Q. Can you give some examples of these four character summations as they occur in Chinese medicine? Are they used frequently?

A. I can give lots of examples. They're used almost everywhere in Chinese medical texts, for diagnosis, treatment procedures, theoretical explan-ations—and almost always in these incredibly abbreviated forms that sound either bizarre or quaint or poetic in translation. That may be a good rule of thumb for determining a bad translation in any context. A translation may possess a certain cultural distance from its original, but if it sounds too quaint or bizarre or poetic, it's likely to be a poor one. People in other societies do not normally go around being quaint or poetic or bizarre—they wouldn't survive very long.

And the Chinese have not only survived—they have burgeoned and flourished. You want some examples—look at any text in the medical literature, better yet look at these Chinese herbal pill bottles. There are hundreds like them—this one says "Indications: Treatments of vulnerary (stricken or fallen), shocken and twisten, septic burns and hemorrhagia per diaresin (Tesuit's drops), etc." Here's another:"Invigorating the spleen and reinforcing the vital energy, relieving flatulence and regulating the functions of stomach. Used for asthenia of the spleen and stomach...borborygmus, sticky stool." Do I have to tell you that's a bad translation? This is the sort of thing that might be published in the `Tickler File' of our ATA newsletter, it's what the New Yorker used to print under the heading `The Mysterious East."

Q. You mean it doesn't sound like that in Chinese?

A. Not in the slightest. It's positively beautiful in Chinese. Medical technical language to be sure, but concise, incisive, elegant. Almost entirely phrased in these four character `aphorisms' (`slogans' might be closer) that Chinese uses to make a long story very short. We expect medical language to sound Greco-Latinate and, well, medical. But Chinese medical language and thought, beyond the problems posed by the four-character summaries, is much more geometrical, mathematical, even legalistic in feel. There is continual talk of confirmations, of evidence, of methods of proof. The language couldn't be more empirical in tone, but almost all of this gets lost in the translation. It hasn't helped that one of the chief `popularizing' books in the field mistranslates the term for `evidence' or `confirmation' as pattern.

Q. You mention a Chinese "medical literature—how extensive is it, and how much has survived?

 A. Vast amounts have "survived." We tend to think in terms of Greek or Roman medicine, where we have allowed innumerable volumes to be lost. But the Chinese haven't made this mistake. With some exceptions, libraries were not allowed to burn. Consequently, a vast medical literature is still central to Chinese culture, even with the advent of western science. One library in Peking claims over 50,000 volumes. A few hundred new books are published each year, and there are several national and local journals. Varieties of Chinese medical language include ancient, modern, and a number of stages in between, all with their peculiarities in vocabulary, as is proper for an ongoing developing field of knowledge. If we fail to see this, it's only because of a disease I call "culture blindness."

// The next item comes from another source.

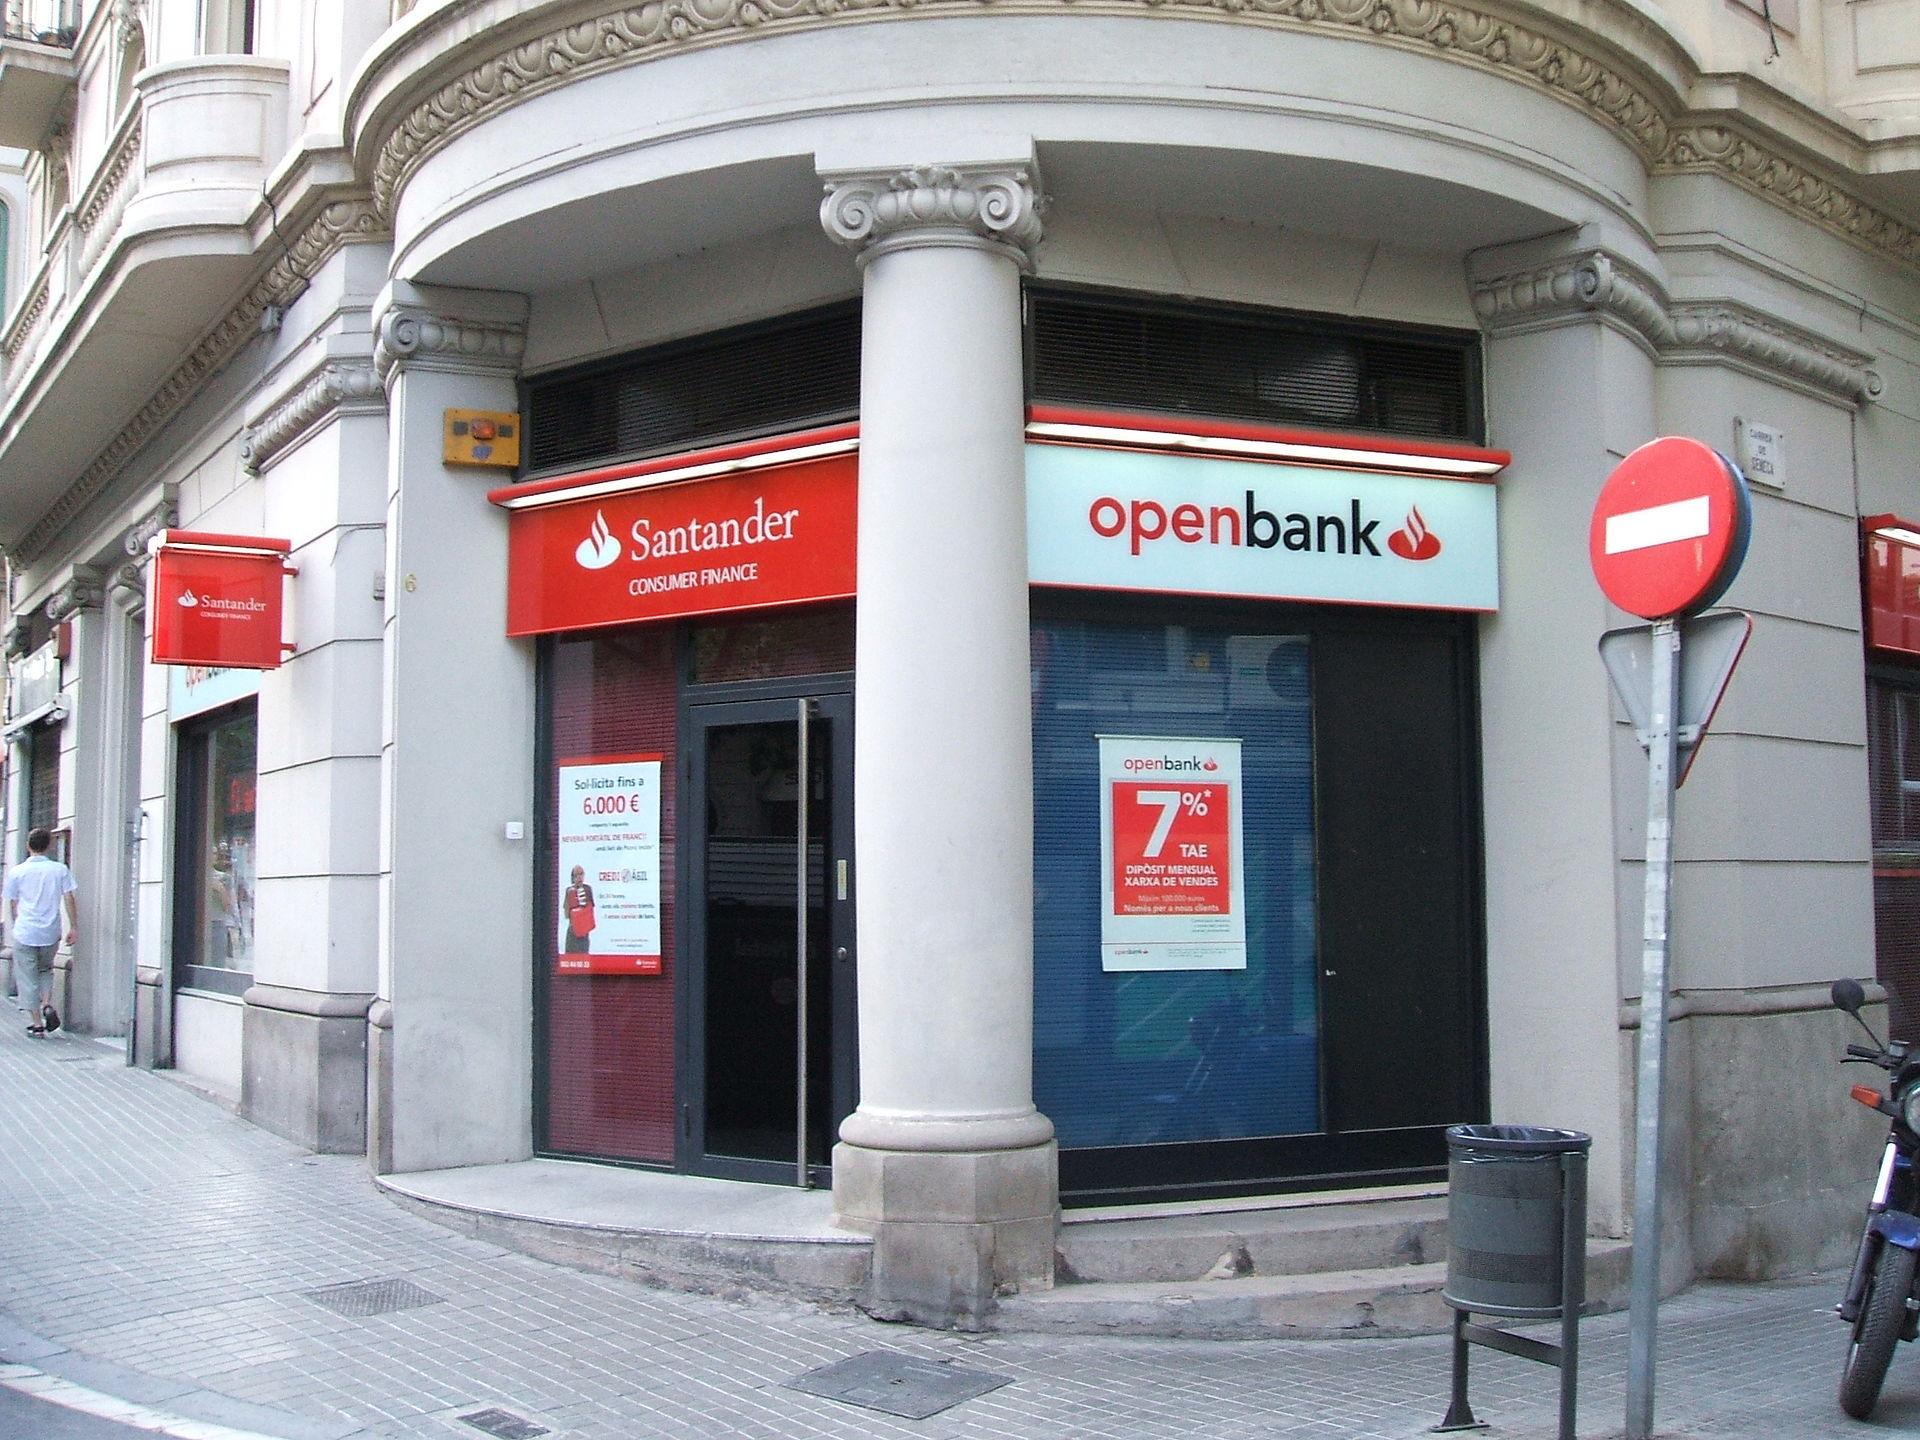 Banco santander wikipedia - Pisos santander central hispano ...

Q. Is Chinese Medicine antithetical to Western Medicine? Or is there some way the two can be reconciled?

A. Of course they can be reconciled. No intelligent observer would suggest the contrary. Western medicine has a more sophisticated view of some problems, but the Chinese view can be sophisticated in other ways. But we have to go beyond the unvoiced preconceptions on both sides, and to do this we have to recognize that they exist. We must become bimedical instead of merely monomedical. It's a task that linguists and translators can perhaps do best, by really looking carefully at the original, seeing what is actually there, and arriving at an accurate version in western languages. It represents an opportunity for linguists and translators to show that their skills are not just academic and parochial but can play an enormous part in a field that is not merely practical but absolutely central to human life and health.